[DATASET EXCERPTS]

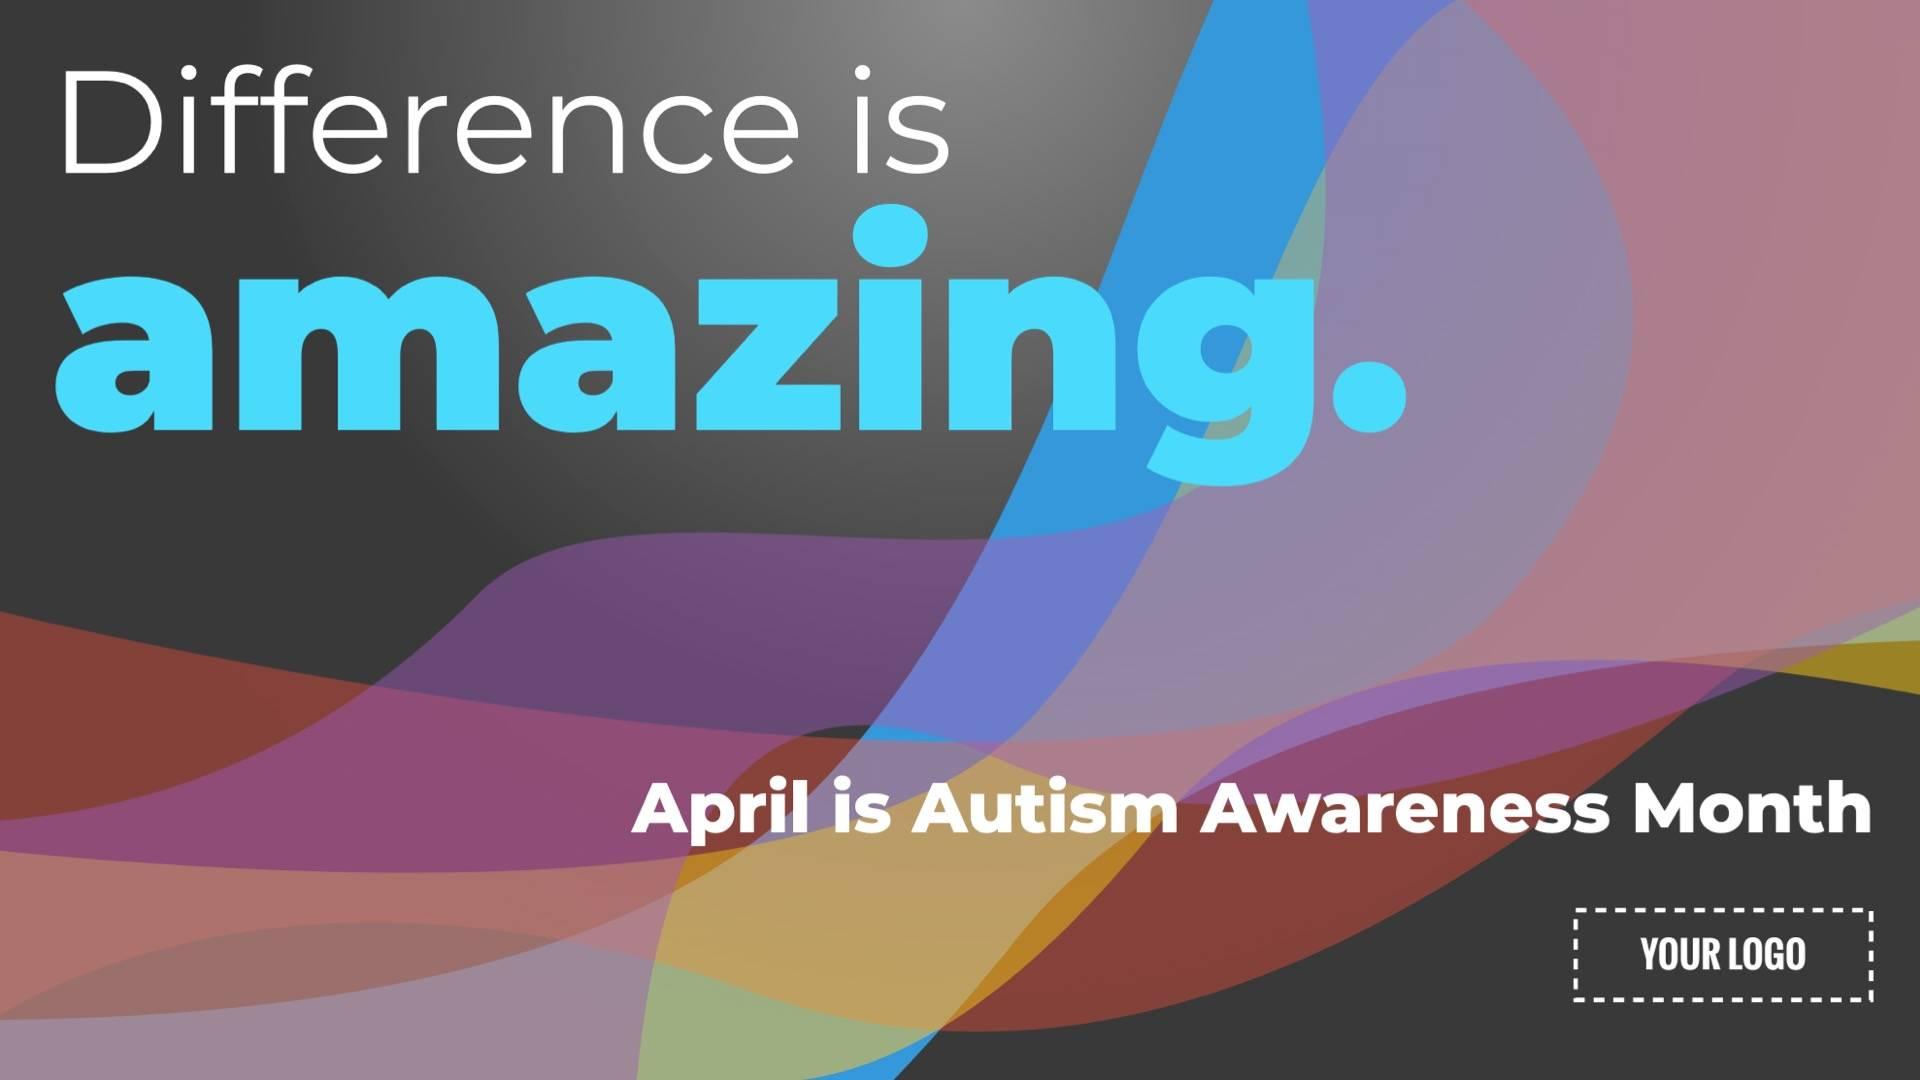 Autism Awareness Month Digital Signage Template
--
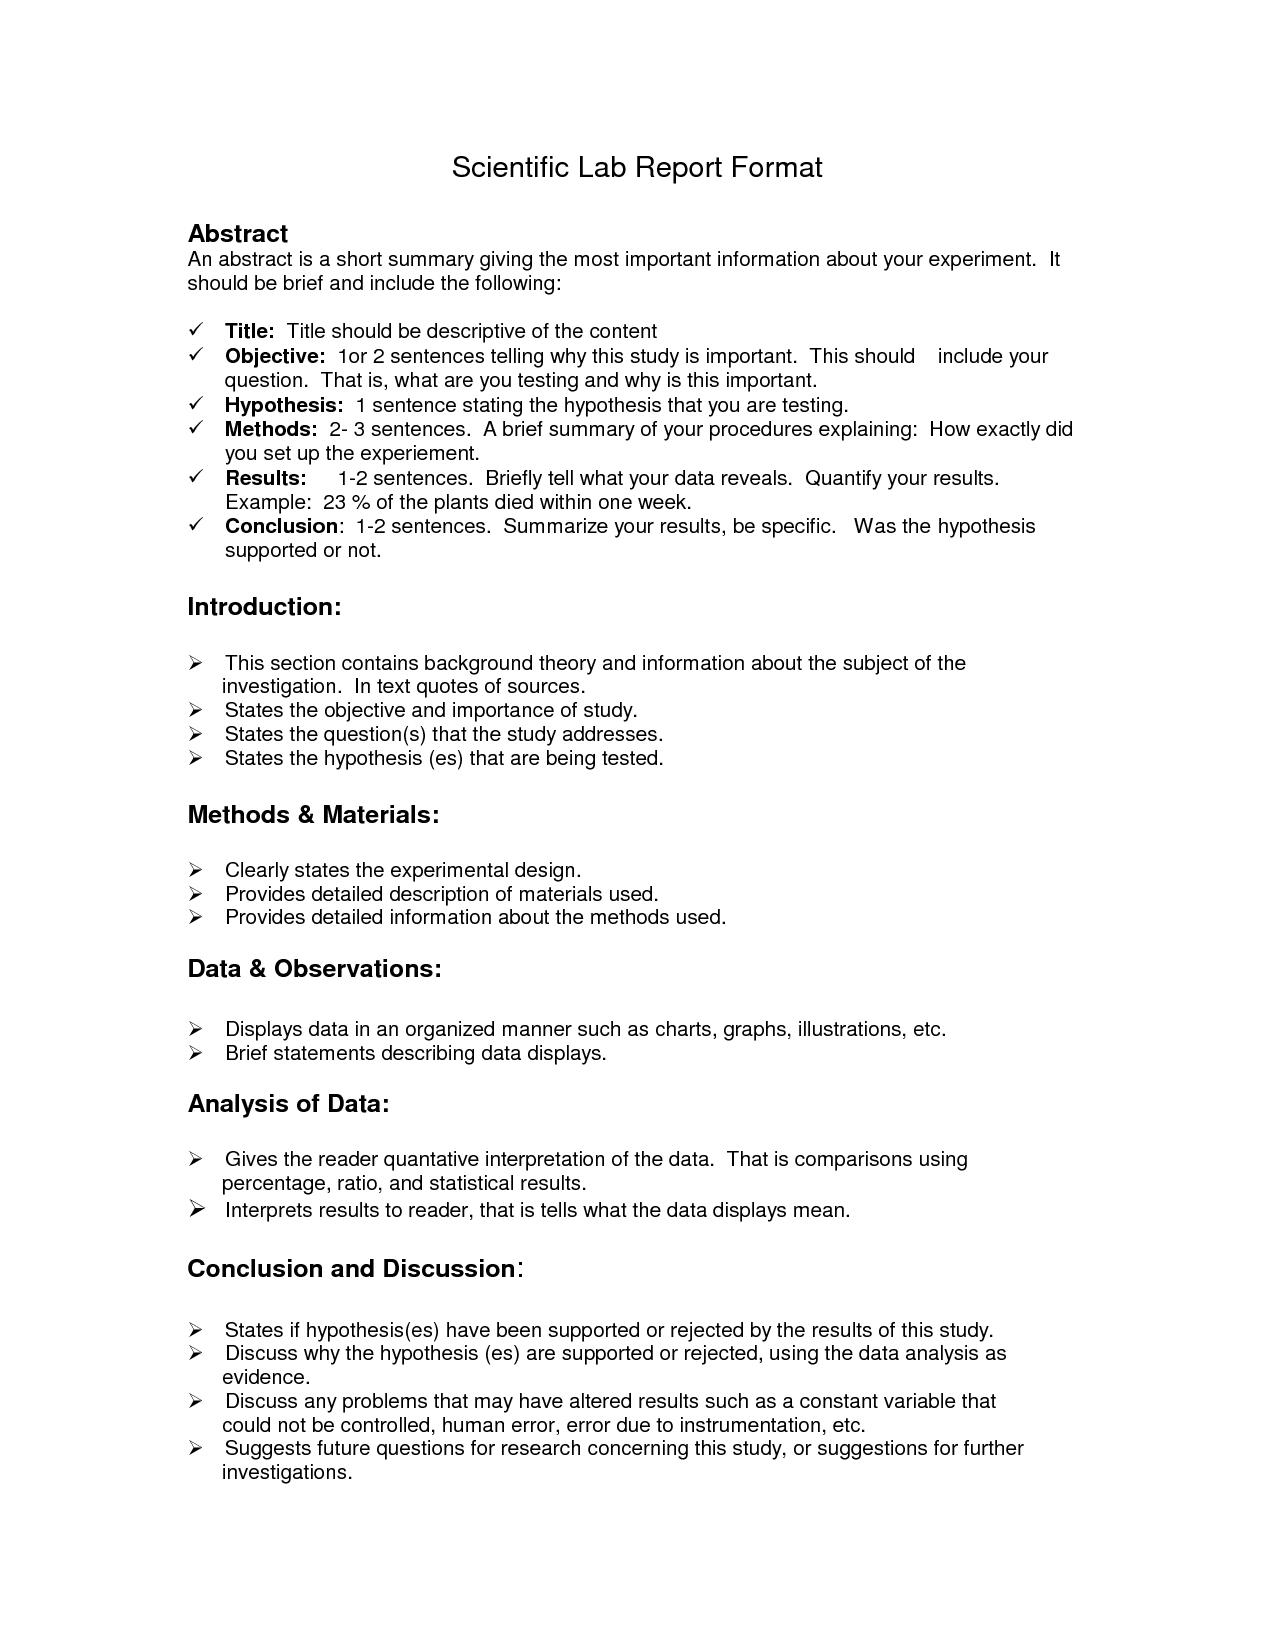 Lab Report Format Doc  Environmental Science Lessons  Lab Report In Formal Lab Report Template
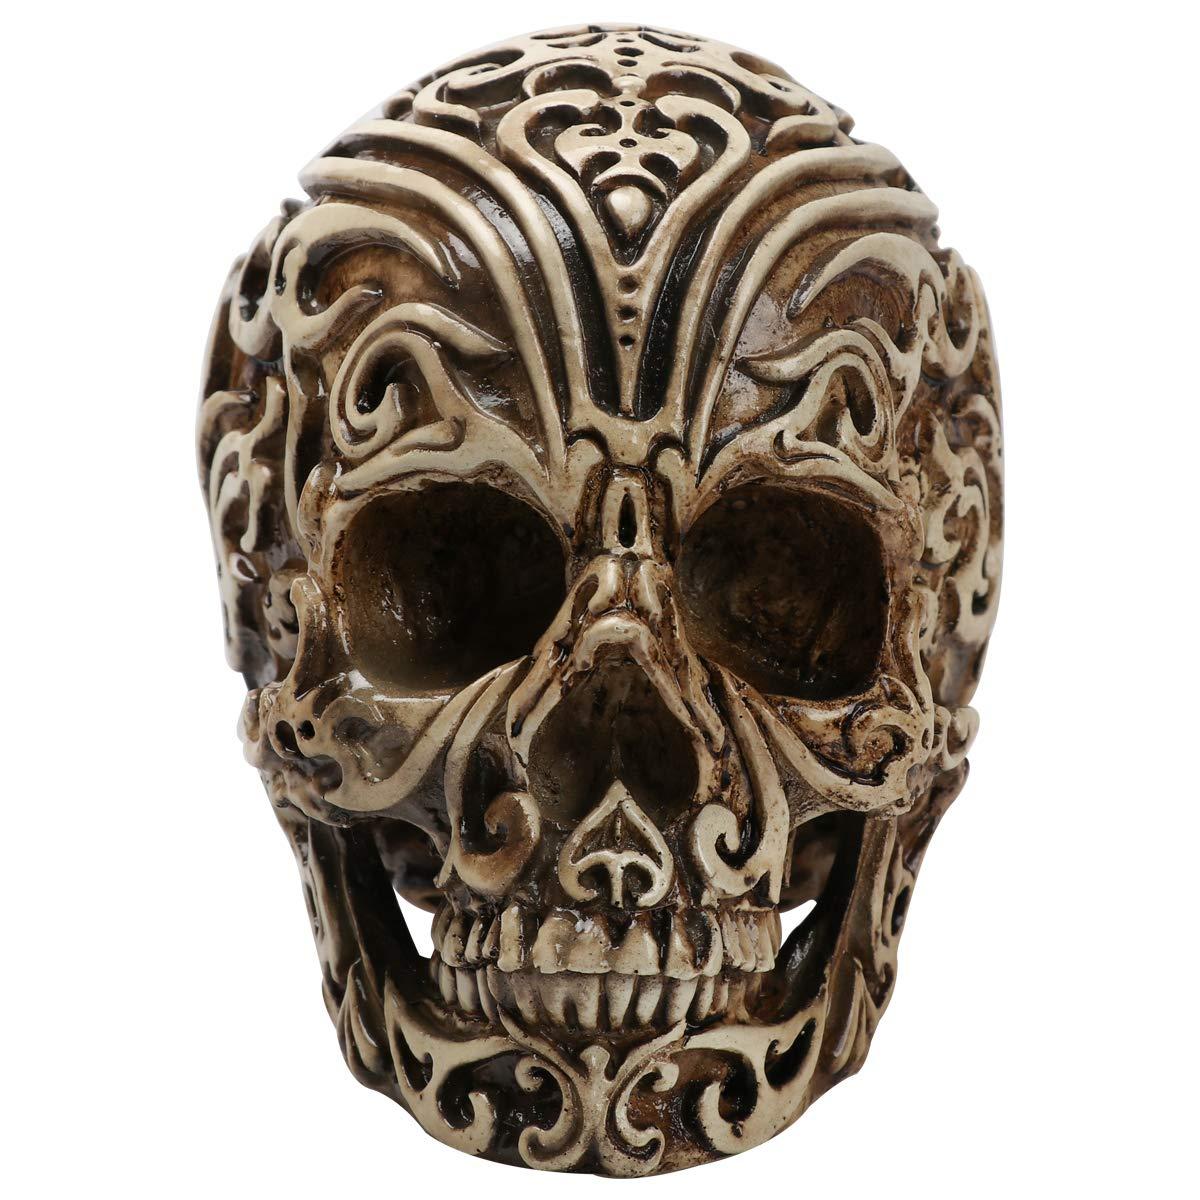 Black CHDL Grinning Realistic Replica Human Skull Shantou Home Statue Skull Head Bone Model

[WHAT TO PRODUCE] From the data above, return exactly the lines from the one with "Lab Report Format" up to and including the one with "Black CHDL Grinning". Pictures do not go in the copy.

[WRITTEN ANSWER]
 Lab Report Format Doc  Environmental Science Lessons  Lab Report In Formal Lab Report Template
 Black CHDL Grinning Realistic Replica Human Skull Shantou Home Statue Skull Head Bone Model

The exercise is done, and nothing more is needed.